> [TRY IT]:
I need the lines from the one holding "中华口腔医学会周报2021年第29期" to the last line of the data below repeated exactly, both included, without pictures.

Start of DATASET ENTRIES

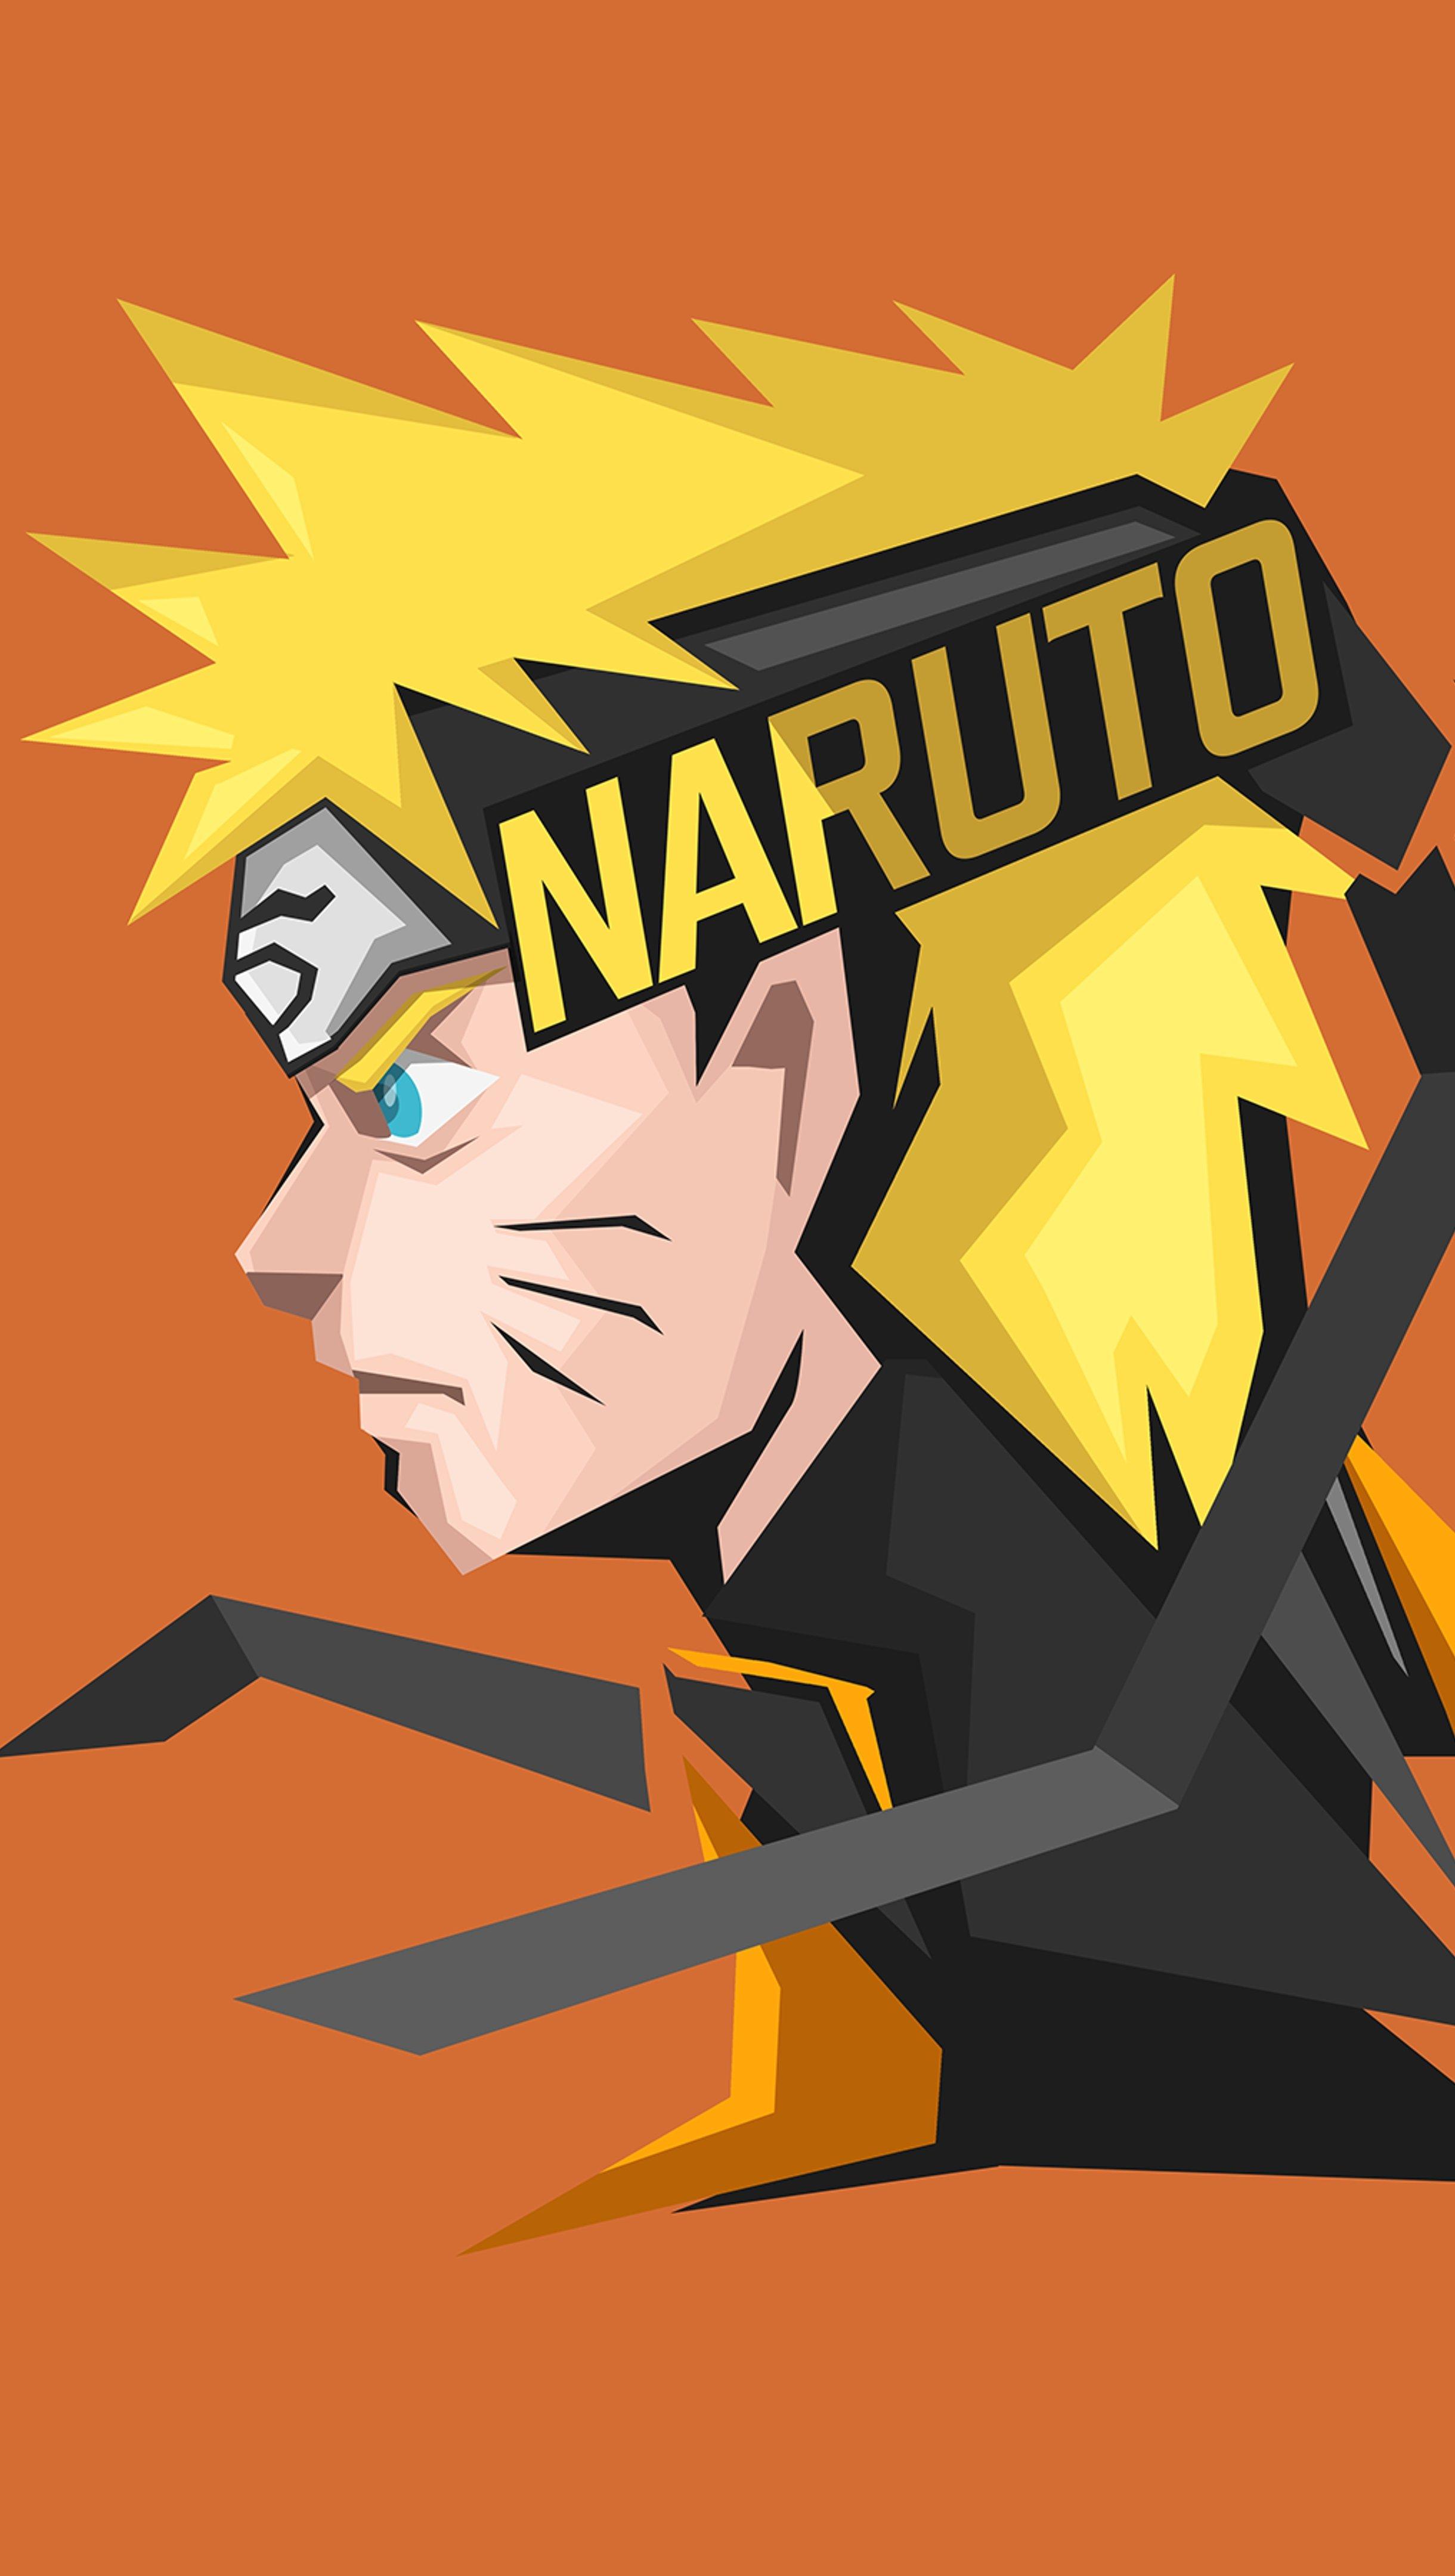 Fondos de pantalla Anime Naruto Uzumaki Ilustración Vertical
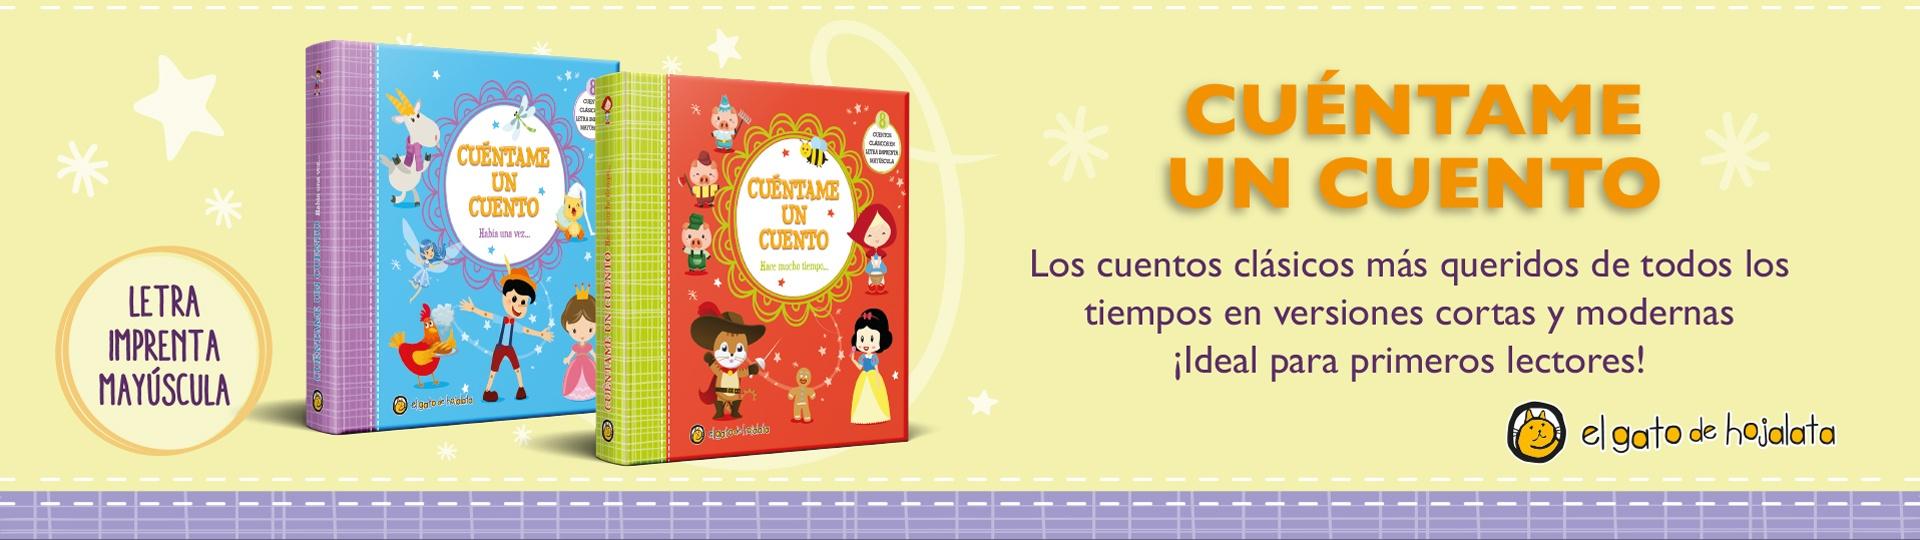 CUENTAME_UN_CUENTO_WEB_1920x540
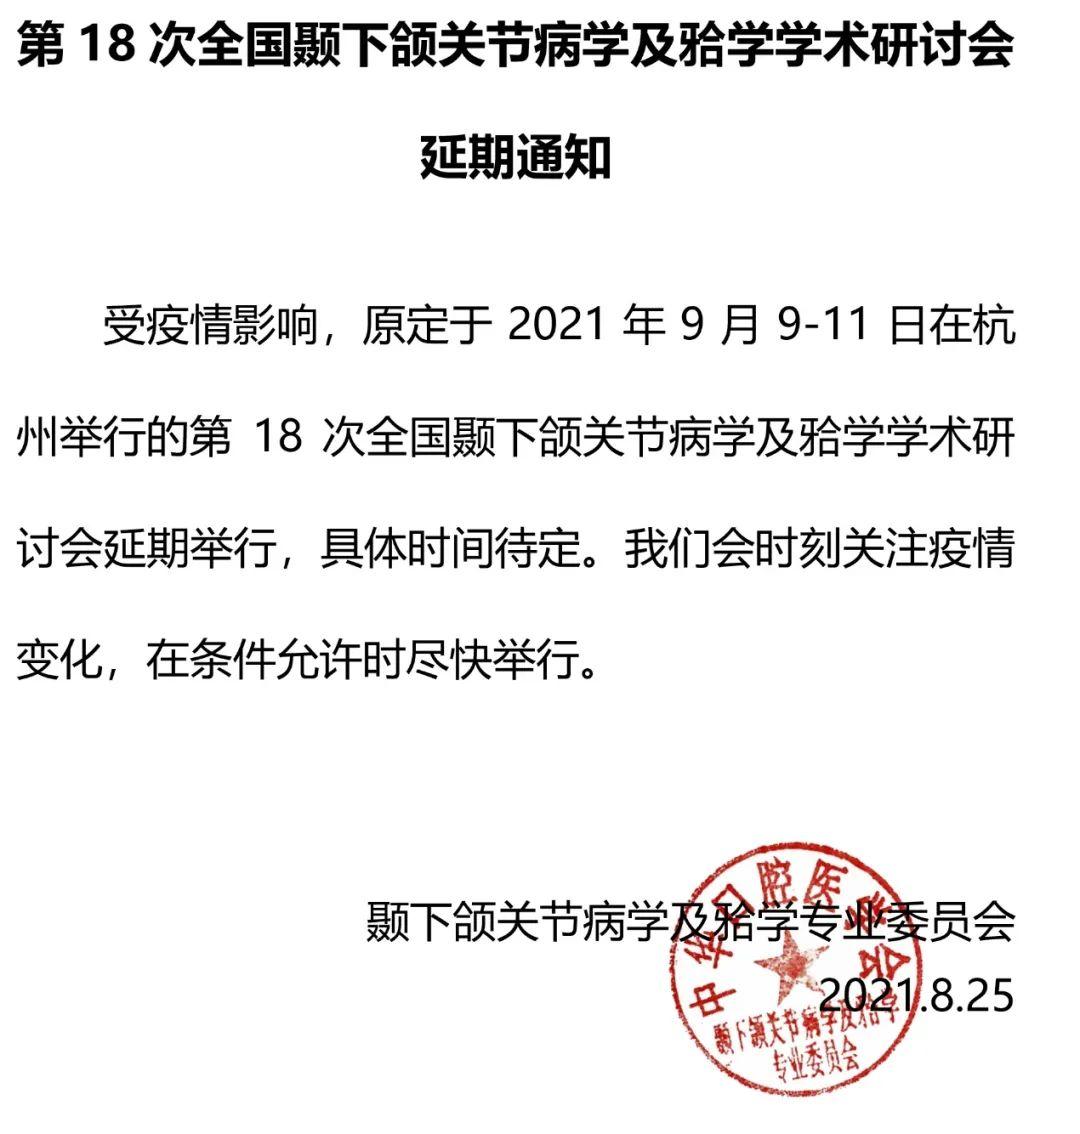 中华口腔医学会周报2021年第29期
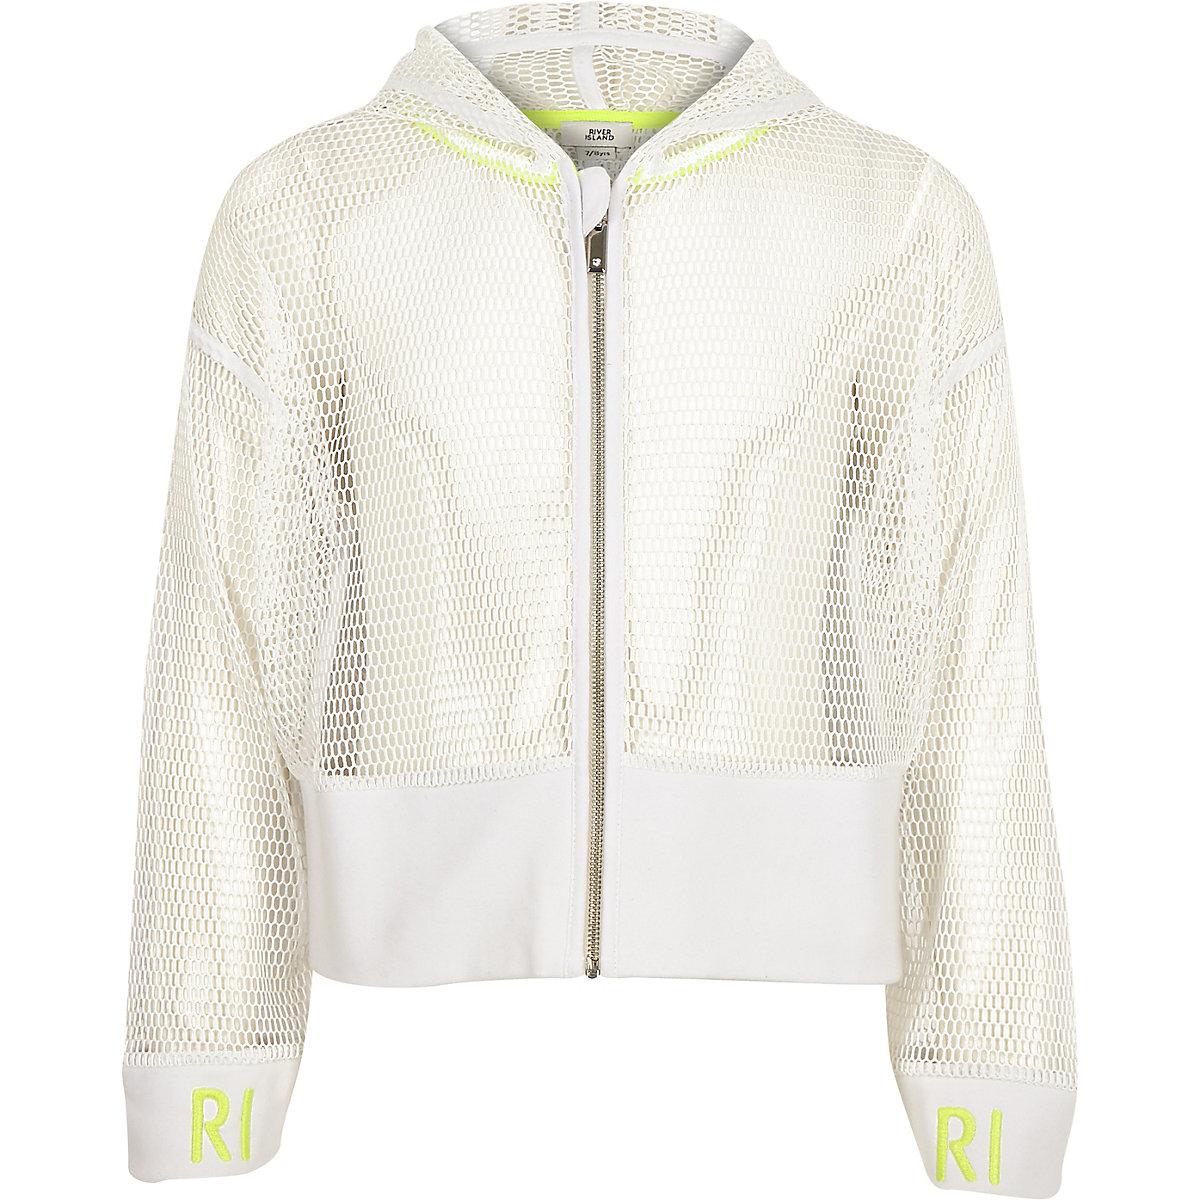 Girls RI Active white mesh zip hoodie
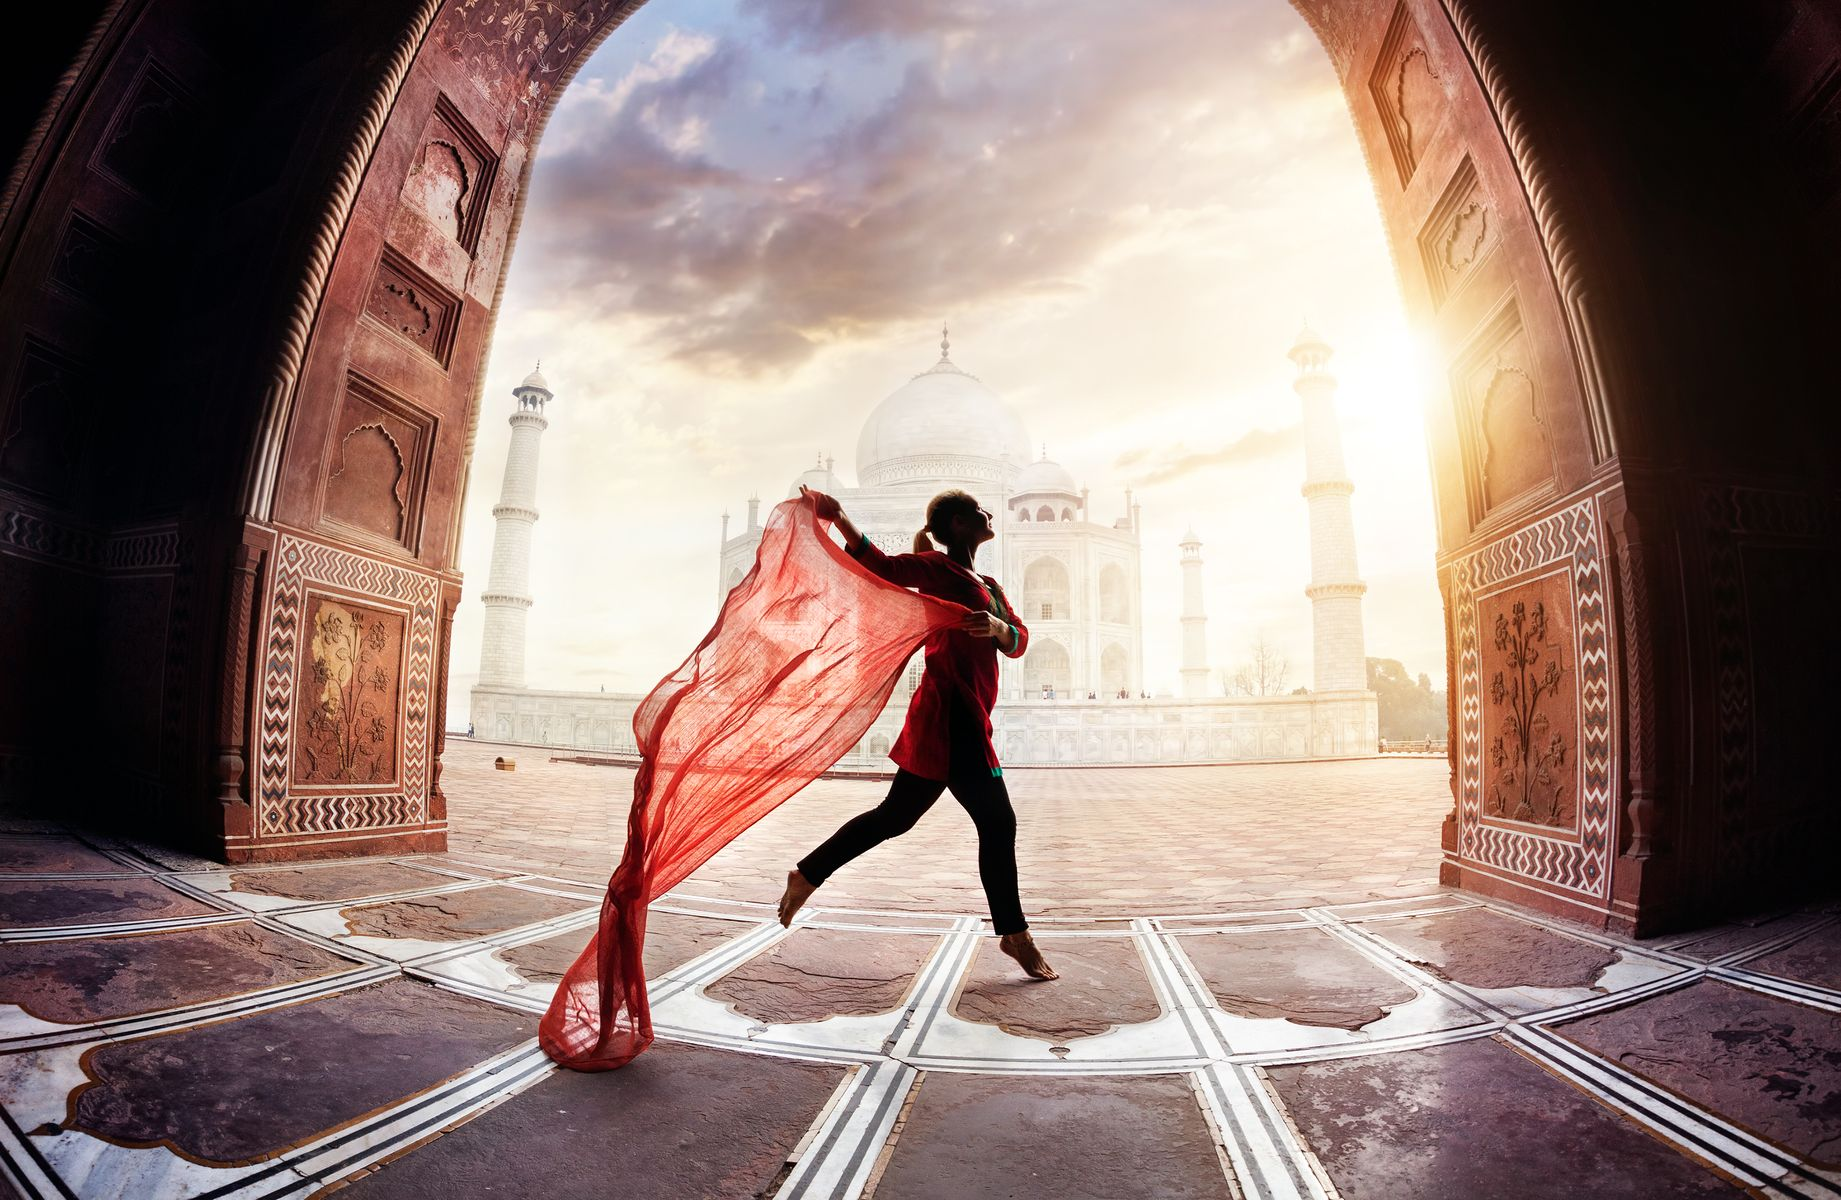 Mujer con bufanda roja bailando cerca del Taj Mahal en Agra, Uttar Pradesh, India

End of DATASET ENTRIES

> [ANSWER BOX]:
 中华口腔医学会周报2021年第29期
 Girls RI Active white mesh zip hoodie
 Mujer con bufanda roja bailando cerca del Taj Mahal en Agra, Uttar Pradesh, India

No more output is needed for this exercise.